И Татьяна, которая с напряжением ждала, как Дернов отнесется к тому, что она отдала на заставу книги, облегченно вздохнула: все в порядке, все хорошо, Дернов весел... Уже сходя с крыльца, он остановился и, взяв жену под руку, тихо сказал:

— Молодец, Танюша!

— Ты хвалишь меня за то, что я избавила тебя от заботы о полках?

— Нет. Просто ты очень здорово сделала. Я бы ни за что не догадался.

— Вот и я пригодилась, — улыбнулась она. Вдруг хлопнула дверь, она обернулась — Огонек выскочил на крыльцо и бегом спустился по ступенькам. Должно быть, что-то забыл. Она ждала. Огонек бежал, потом пошел шагом, поднес руку к фуражке и спросил Дернова:

— Товарищ лейтенант, разрешите обратиться к Татьяне Ивановне?

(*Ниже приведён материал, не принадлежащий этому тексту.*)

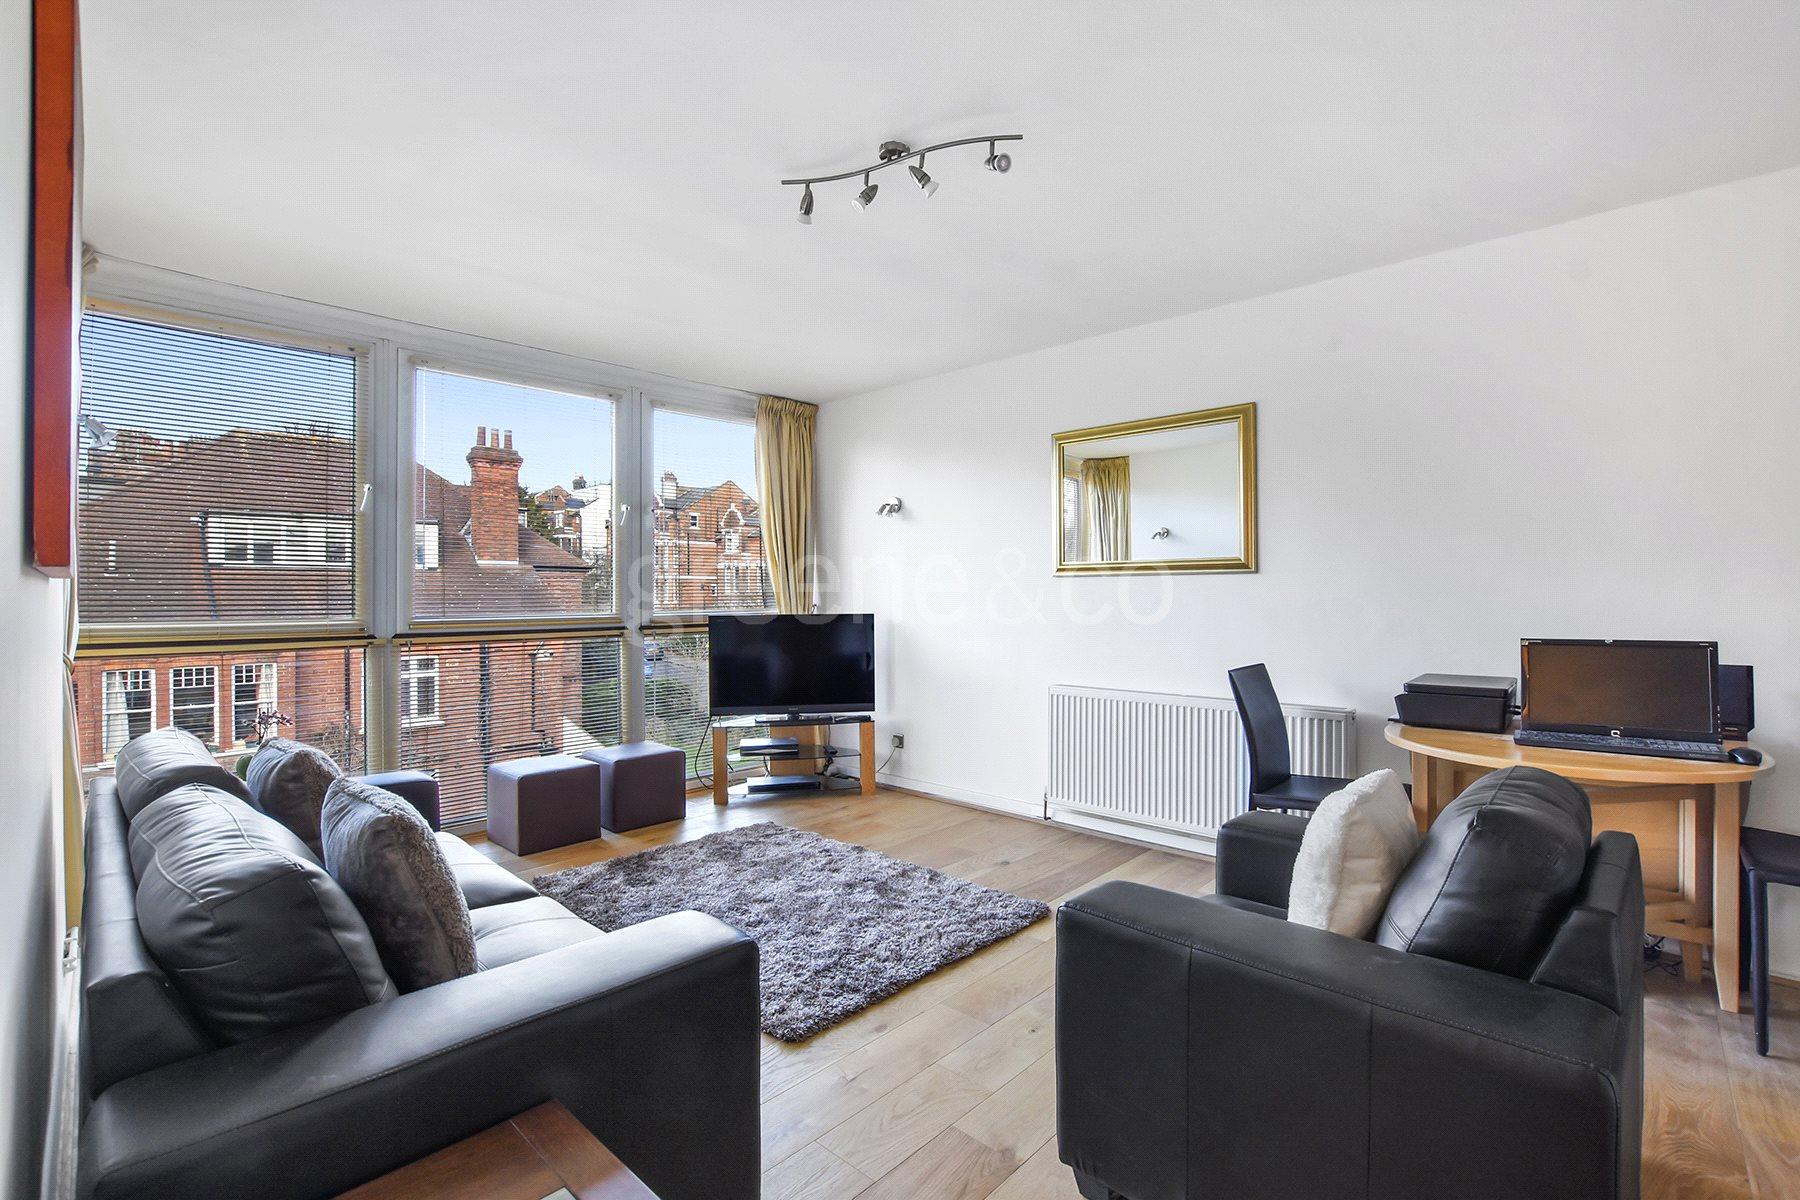 2 Bedrooms Flat for sale in Hurst Lodge, Coolhurst Road, London, N8

— Обращайтесь, — фыркнул Дернов. — Только знаете, как говорят? Жена офицера всегда на звание старше мужа.

У него и впрямь было отличное настроение.

Огонек, словно не расслышав и не улыбнувшись даже, сказал очень серьезно, почти торжественно:

— Спасибо вам от лица всей заставы. Обязуемся беречь книги и проводить конференции с обсуждением.

— Вот и хорошо, — снова фыркнул Дернов. — Но если вы к своему духовному развитию добавите физическое... — Татьяна предупреждающе сжала его руку, и Дернов не договорил. — Ладно, Ершов, идите.

В сенях, опустевших после того, как отсюда унесли ящики с книгами, он обнял Татьяну. Он целовал ее быстро и жадно, а она смеялась, жмурилась, подставляя ему лицо, губы, и все, что волновало ее, заставляло нервничать, — все ушло: это был ее, хороший, добрый, нежный Дернов, она любила его, и к этому чувству сейчас примешивалось другое — чувство законченного, пусть маленького, но очень важного и необходимого для других людей дела...


Татьяна открыла дверь. На крыльце стояло ведро, из него торчали рыбьи хвосты. Там, в ведре, было семь или восемь хариусов — больших, с жирными темными спинами. Кто-то из солдат наловил и принес, а постучать постеснялся. Она улыбнулась, вываливая рыбу на кухонный стол: такой подарок она получала впервые, и не трудно было догадаться за что — конечно, за книги. Но куда столько рыбы! Впрочем, Аня умеет солить, надо будет засолить этих хариусов; говорят, соленые, они не хуже семги.

Все-таки ей было приятно получить такой подарок, что ни говори.

Но тут же она завернула три штуки в газету. Сегодня Дернов ехал на совещание в комендатуру, она увязалась за ним, машина будет через час. Они успеют зайти в «смешторг». Деньги есть. В самую пору купить тот шкаф-сервант, гэдээровскую «Хельгу». Ну, а грузовую машину Дернов вполне может попросить у коменданта.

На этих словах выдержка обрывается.